Fool your friends into thinking that you have expensive low profile tyres by fitting a budget brand and letting most of the air out. Love, Lewis Hamilton.
Split the sheets of toilet paper into single ply, this saves real money. Beware of poke-through as the cost of soap to wash the offending finger can outweigh the financial benefit.
"Paint your tool yellow & black so girls think you're a real tradesman." Better still,,, Paint your power tools light grey and green,,,, Girls will think your a "real tradesman
Save money this summer by plugging your electric mower into the socket in your next door neighbours garage while their out.
Don't paint your power tools any colour at all so as to save on the cost of paint. Although you may wish to consider the cost of the paint against having girls think you are a "real tradesman".

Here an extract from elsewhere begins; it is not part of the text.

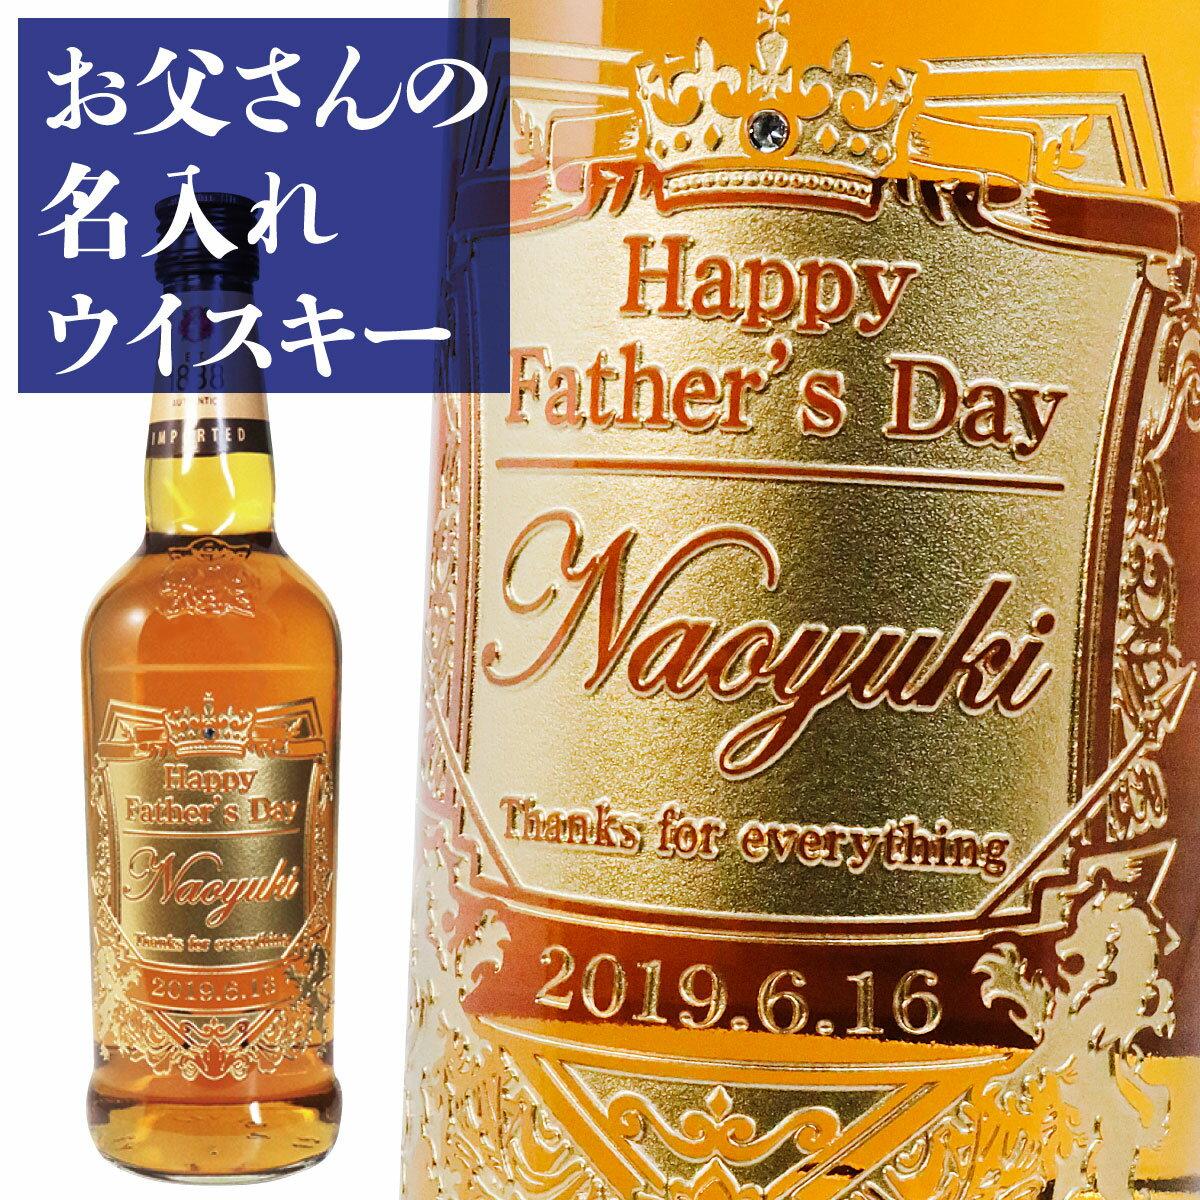 父の日名入れウイスキーフォア・ローゼズイエロー700ml|ギフトお酒バーボン名前名前入り父プレゼント

Split the sheets of toilet paper into single ply, this saves real money. Alternatively use both sides.
Save money on washing up liquid in TESCO with "two for the price of one," i.e. one in your trolley one in your inside coat pocket.
Feeling suicidal?? Nip round to your next door neighbours and use their gas to kill yourself. Saves a rather high gas bill for your next of kin.
When first fixing, ensure that you run the cable so that it just about reaches the accessories without any play whatsoever, like one of my colleagues does regularly. * [Edited by: admin]
When plastering a new house, cut all the new leccy cables back tight into the wall boxes. All that scrap can add up to nearly £25 on a large house.
When plastering a new house, take a pipe slice with you and cut the radiator pipe tails back to the wall. With the price of copper at the moment you'll make at least £35- £45 off each house.